Le dollar a perdu 1,6 % de sa valeur face à l'euro au cours du dernier mois.
Les analystes d'UBS ont relevé leur recommandation sur l'Europe continentale à « surpondérer ». Ils justifient cette décision par la baisse des prix de l'énergie, conséquence de la fin de l'invasion russe de l'Ukraine, d'une politique budgétaire plus souple et de bénéfices des entreprises en hausse.
Hong Kong prend la tête. Son indice principal, le Hang Seng, affiche la meilleure performance, avec une hausse de 15 % depuis le 20 janvier. Cette performance s'explique notamment par la progression des valeurs technologiques chinoises cotées à Hong Kong après le choc DeepSeek.
Les droits de douane imposés par Trump font plus de mal que de bien. Les marchés américains se sont effondrés de façonmaticdepuis son arrivée au pouvoir. Pourtant, son administration reste optimiste quant à l'avenir.
Les échanges commerciaux entre l'UE et les États-Unis – Quel est l'impact des droits de douane ?
En 2024, les États-Unis ont importé pour environ 600 milliards de dollars de biens des États membres de l'Union européenne. Selon les données du recensement commercial américain, les produits pharmaceutiques représentaient la part la plus importante des importations américaines en provenance de l'UE cette année-là.
Ledent Trump envisage d'imposer des droits de douane sur de nombreux types de marchandises provenant de ses partenaires, et pas seulement sur les métaux. Il s'agirait de la dernière mesure de « réciprocité » prise par le gouvernement américain dans le cadre de sa guerre commerciale, et certains types de marchandises seraient bien plus durement touchés que d'autres.

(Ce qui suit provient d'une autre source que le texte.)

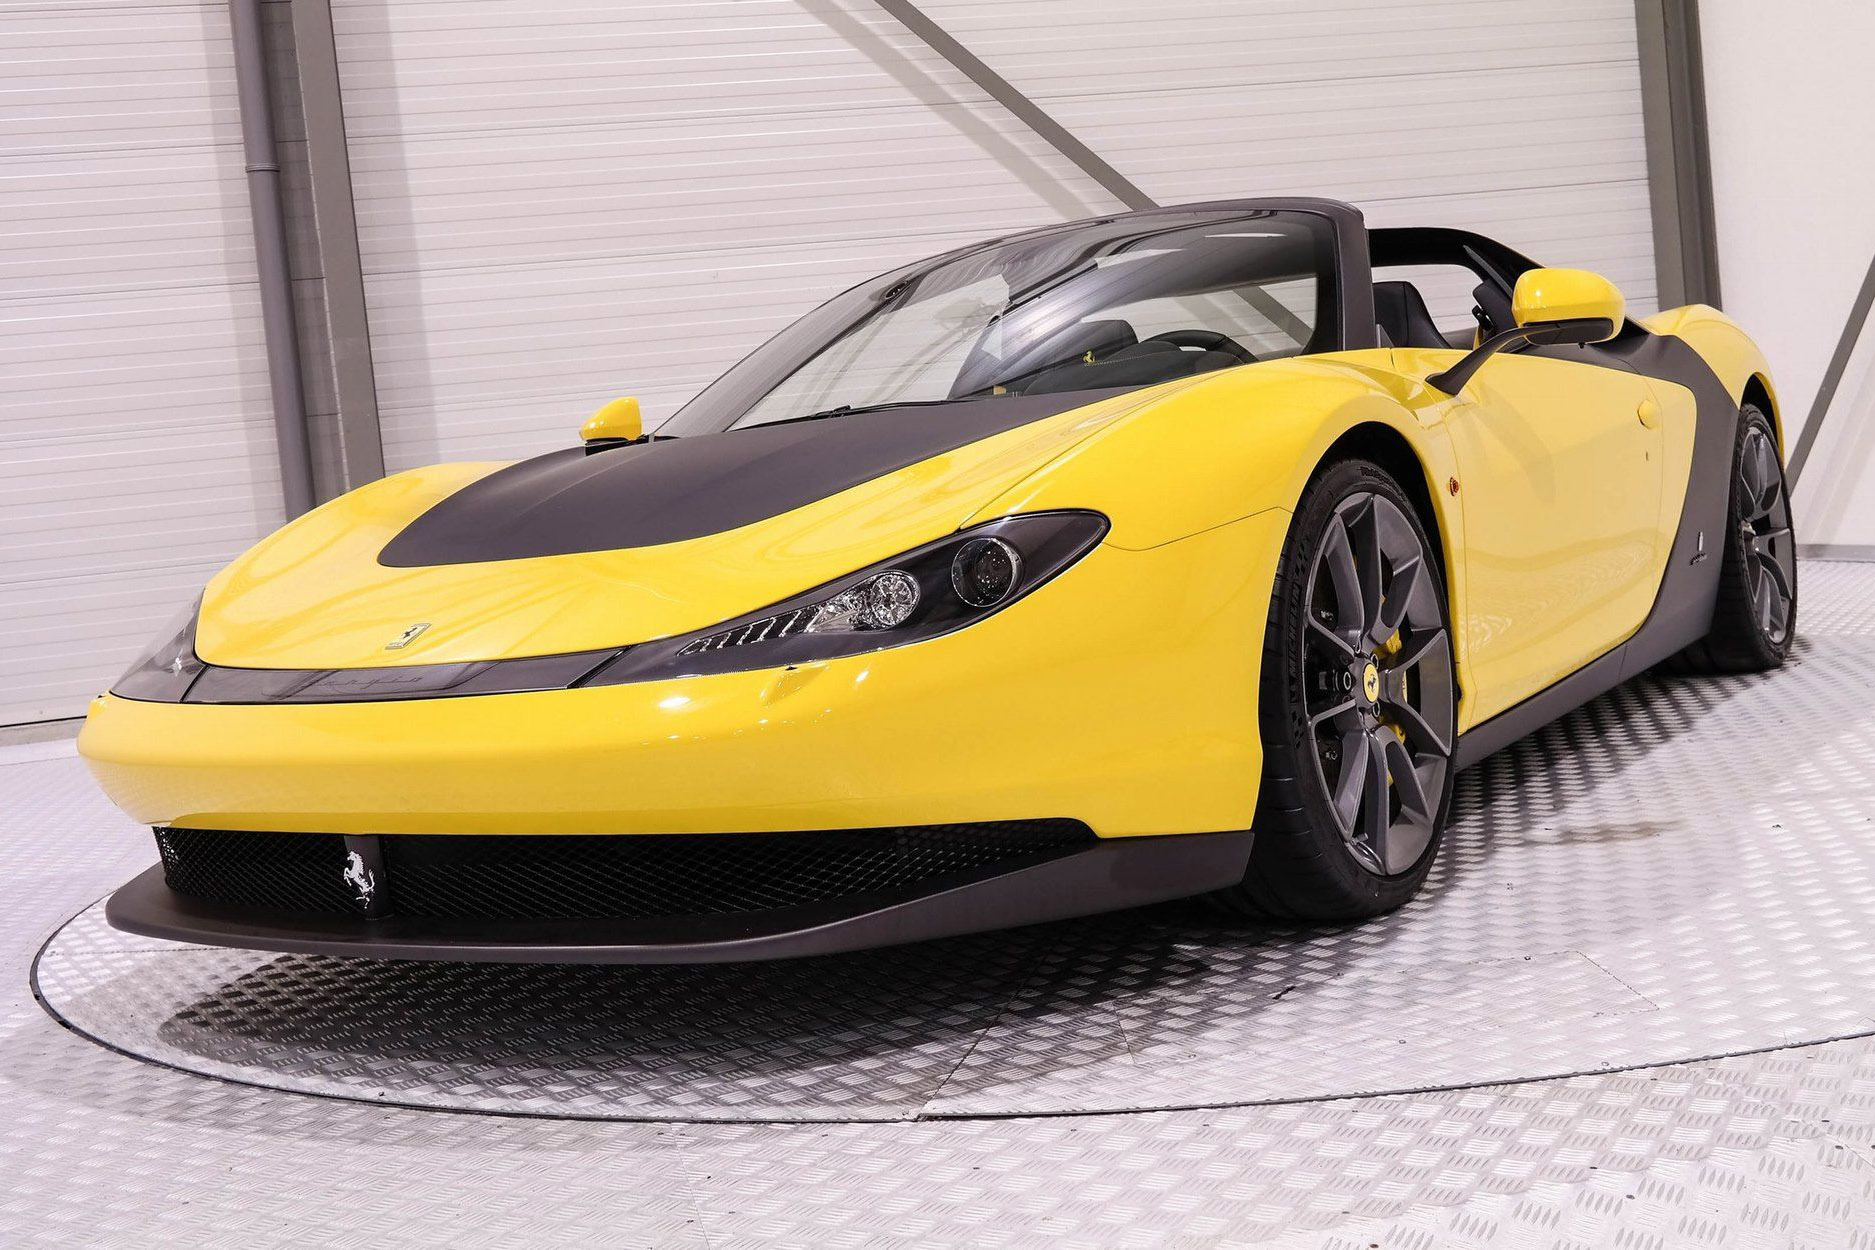 Ultra-rare Ferrari Sergio to fetch $6.4 million at auction

De ce fait, le secteur pharmaceutique et médical dans son ensemble sera l'un des plus touchés par les droits de douane. Les importations d'instruments chirurgicaux et médicaux représentaient 37 milliards de dollars, et celles de dispositifs médicaux, tels que les écrans cathéters, les respirateurs, les dispositifs orthopédiques et le matériel chirurgical, 22 milliards de dollars.

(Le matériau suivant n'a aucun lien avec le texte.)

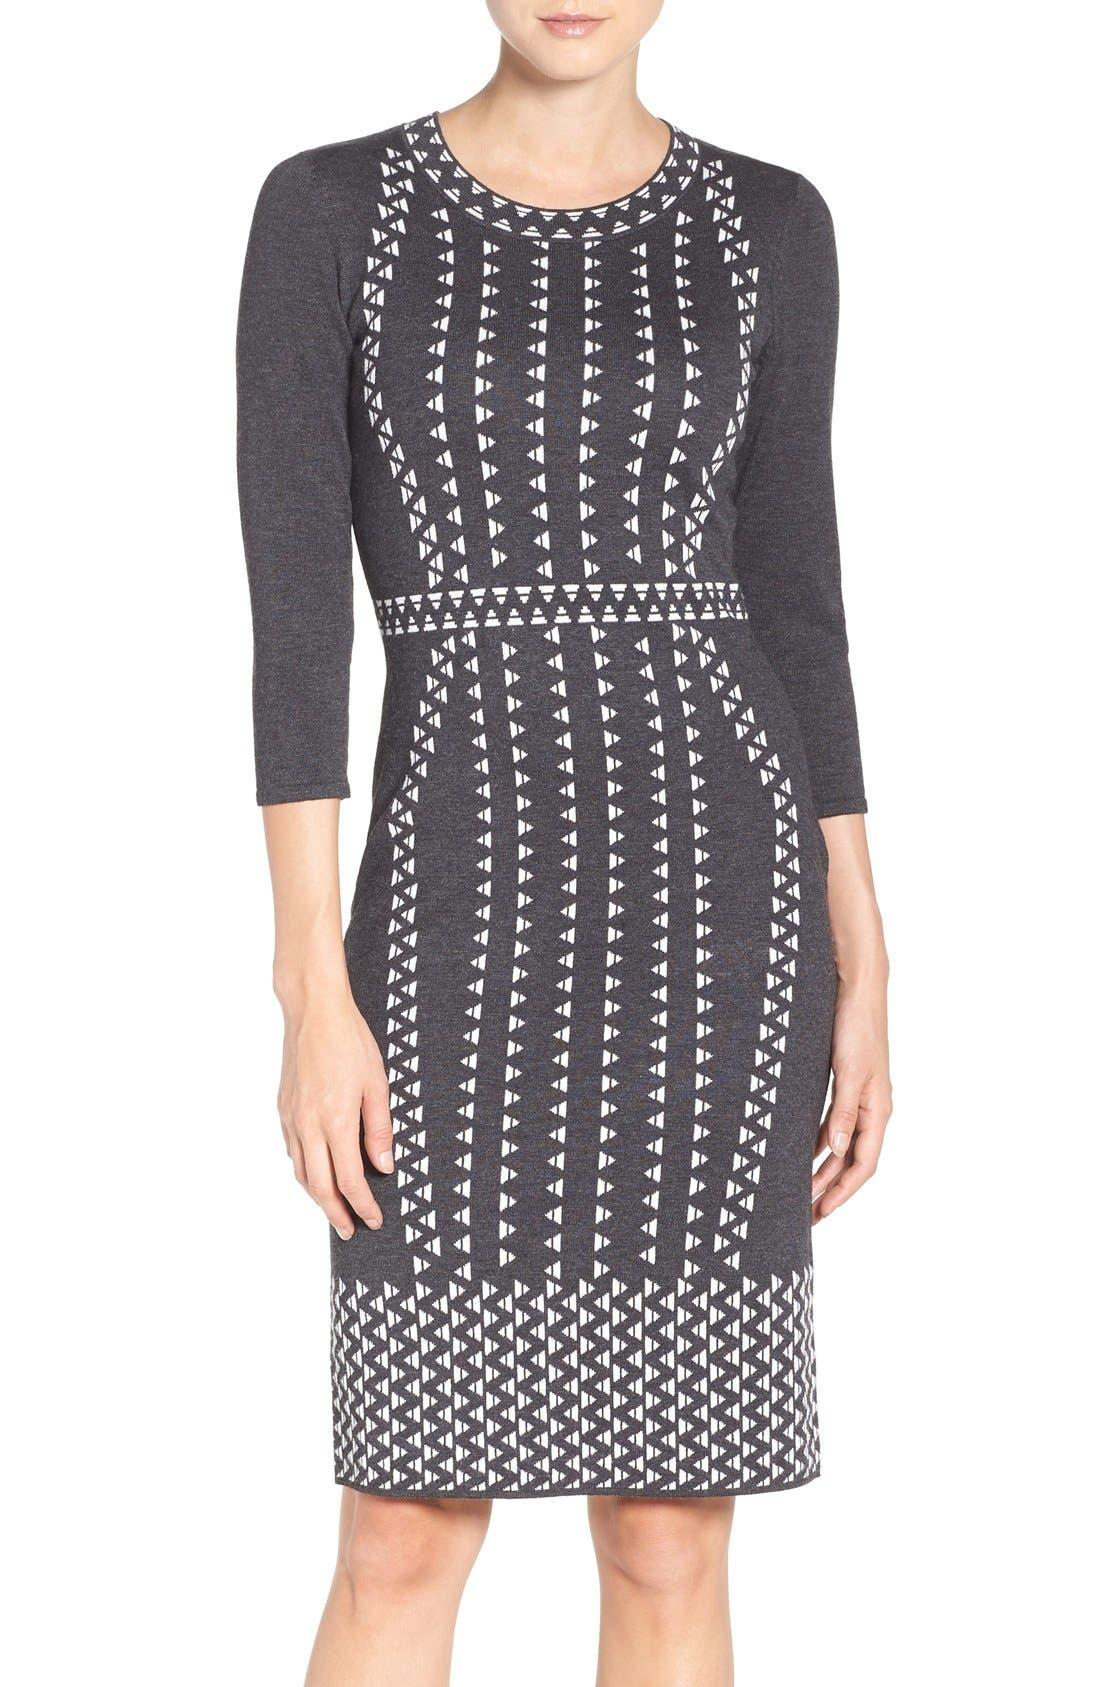 TAYLOR DRESSES Sweater Sheath Dress, Main, color, 021

Parmi les autres produits phares en 2024 figuraient les appareils auditifs, qui ont généré 1,3 milliard de dollars, et les prothèses articulaires, qui ont rapporté 2,5 milliards de dollars.
Par ailleurs, la Maison-Blanche a affirmé que les règles commerciales et fiscales entre les États-Unis et l'UE étaient inéquitables pour les fruits de mer et les automobiles. Trump a déclaré : « Ils ne prennent pas nos voitures, ils ne prennent pas nos produits agricoles, ils ne prennent quasiment rien, et nous leur prenons tout. Des millions de voitures, d'énormes quantités de produits alimentaires et agricoles. » En réalité, 20 États membres de l'UE ont exporté davantage vers les États-Unis qu'ils n'en ont importé en 2023.

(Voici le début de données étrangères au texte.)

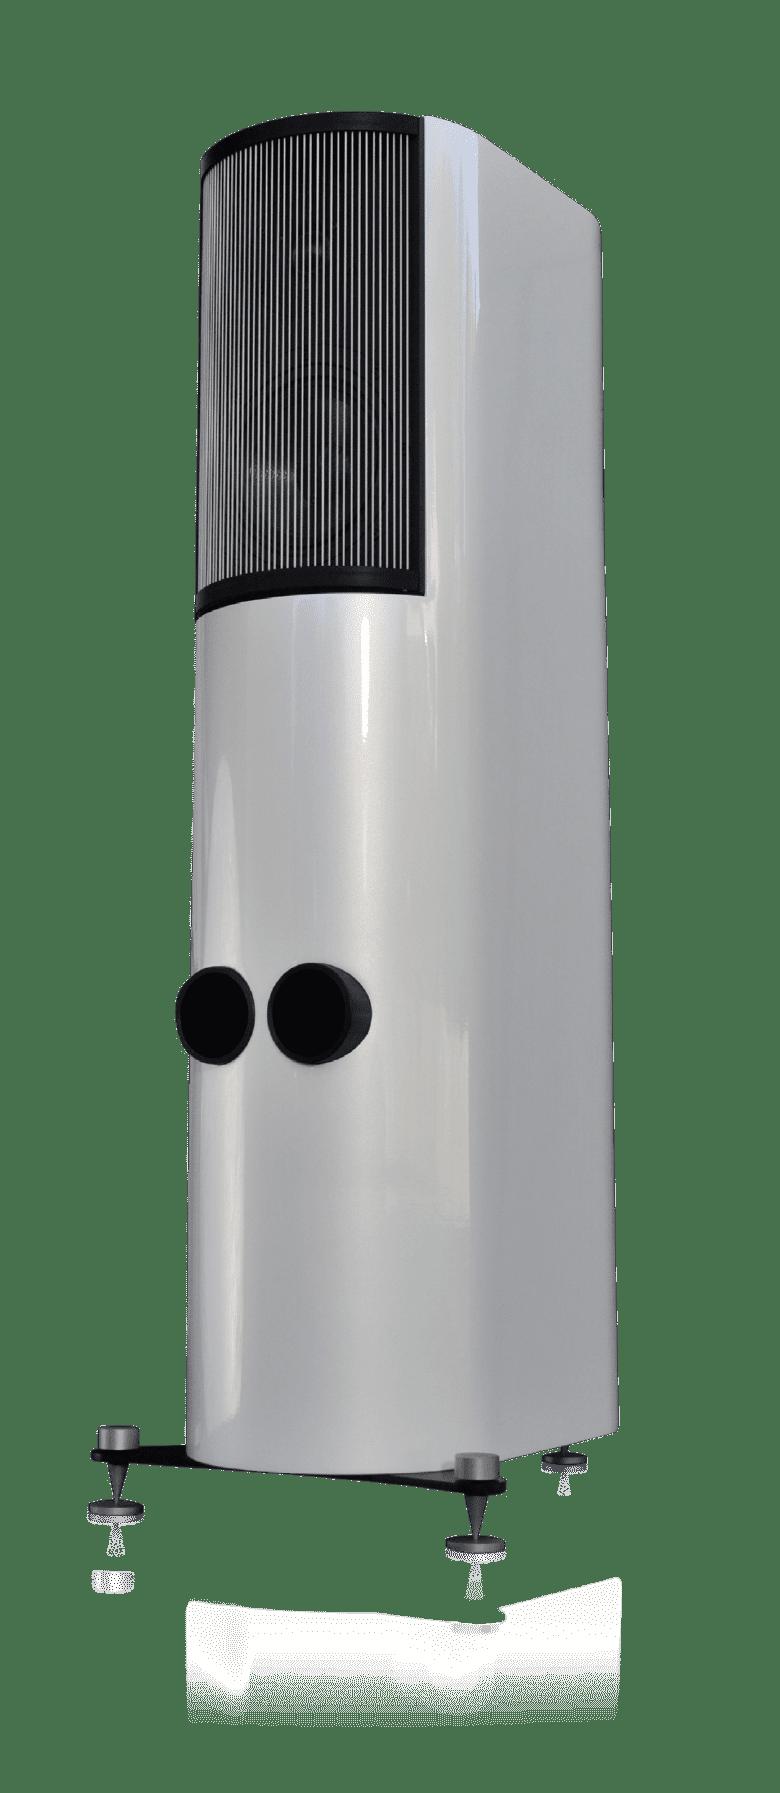 Gallus Audio High-Fidelity Speaker

Trump a choisi Jamieson Greer comme représentant américain au commerce. Greer est un véritable nationaliste économique qui considère les droits de douane comme le seul moyen de relocaliser la production aux États-Unis.
Il s'intéresse particulièrement au déséquilibre commercial entre les États-Unis et l'Europe dans les secteurs de l'agriculture et de l'automobile. Greer tentera d'y remédier en faisant pression sur l'UE pour qu'elle abaisse ses droits de douane et supprime les autres barrières non tarifaires.
Que peut faire l'UE ? Greer s'attend àtronque l'UE s'aligne sur les États-Unis concernant la Chine en matière de contrôle des technologies et des exportations, de vérification des investissements entrants et sortants, et de sécurisation de la chaîne d'approvisionnement. L'Europe pourrait l'amener à revoir sa position sur les droits de douane à l'exportation en démontrant sa volonté de collaborer sur certains de ces points.